Why did Marlin choose to plop his shop in a saturated market?
“When we started working on the space, that one ice cream shop nearby wasn’t there,” said Marlin, referring to Sweet 45, which opened last September. “We were actually trying to get away from all the ice cream shops down the road.”
Marlin also pointed out that their ice cream-fatigued neighbors on the Fishtown-Kensington divide might want a shop closer to their apartments, or one that is decidedly unpretentious. While Stella’s offers 24 different flavors, the range is more classic than that of stores like Jeni’s and Van Leeuwen, which are currently scooping ice cream blended with goat cheese and trendy banana pudding, respectively.
“A lot of people that live a little north of here have been excited for us because they don’t have to walk all the way down [Frankford Avenue],” just for some ice cream, Marlin said. “I think there’s room for all of us.”
What makes Stella’s different?
Stella’s specialty is variety. Of the shop’s 24 flavors, eight are dairy-free and made with a coconut milk base. Specials also cycle through weekly. When an Inquirer reporter visited just after its June grand opening, a root beer flavor that tasted like a cold glass of A & W (minus the carbonation) was on rotation.

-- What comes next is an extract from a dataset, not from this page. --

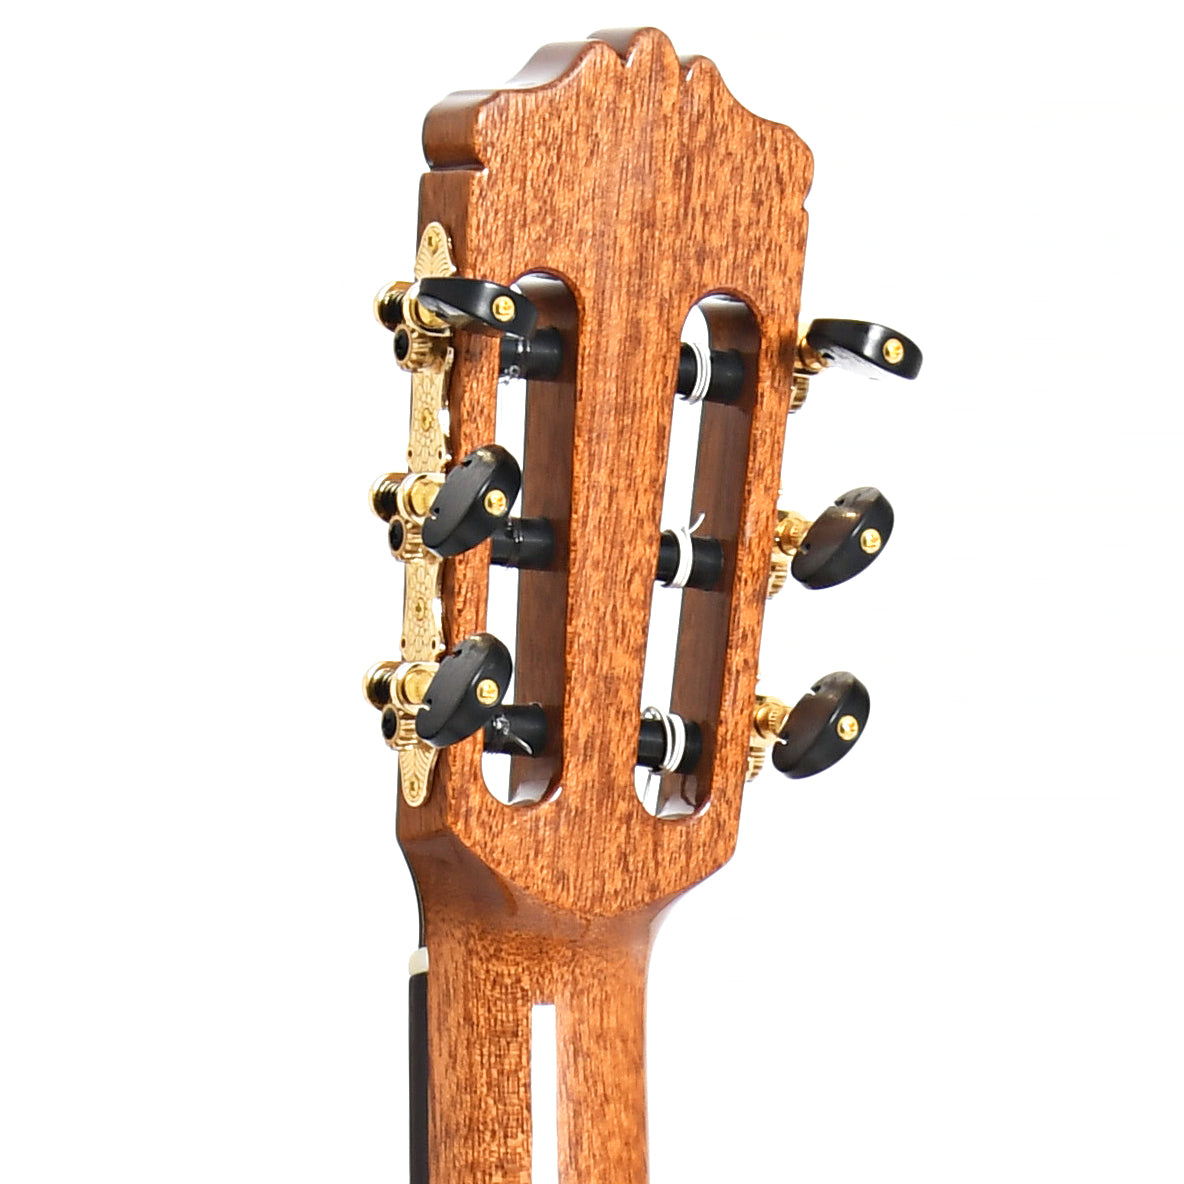 Image 9 of Cordoba C9 Parlor Classical Guitar and Case - SKU# CORC9D : Product Type Classical & Flamenco Guitars : Elderly Instruments

Otherwise, the shop’s ice cream offerings are riffs on parlor classics, like Rocky Road, salted caramel thick with swirls of caramel sauce, and Grasshopper, their take on mint chip that swaps chocolate for chunks of Oreo cookies. Already, Marlin said, the flavor is their bestseller. A single scoop is $6.25, with a dollar upcharge for dairy-free flavors, putting it about on par with the neighborhood’s other shops.
Also on offer: Gluten-free waffle and sugar cones — a rarity at ice cream shops — stored separately from their regular counterparts to avoid cross-contamination. There’s also novelties galore, including personal 5-inch chocolate chip cookie bowls for sundaes and hybrid brownie-cookie ice cream sandwiches. To-go pints and ice cream cakes are also available in a fridge.
Running Stella’s has been a big adjustment for Marlin, whose training consisted of a weeklong ice cream intensive in Idaho at the chain’s first location. By day, Marlin was making “gallons and gallons of ice cream” and learning things like extrusion, the process by which ice cream is shaped for things like bars or pre-made sandwiches. By night, he worked the store’s register.
Marlin called himself an “average” ice cream making-student at best, but the 10-to-12-hour days gave him a newfound appreciation for the power of the scoop.
“I don’t think people come into an ice cream shop mad at the world,” he said. “Everyone’s there to have a good time.”
Stella’s Ice Cream, 1832 N. Front St., 215-550-1032, stellasicecream.com. Hours: 12 — 10 p.m. Sunday through Thursday; 12 — 11 p.m. Friday and Saturday.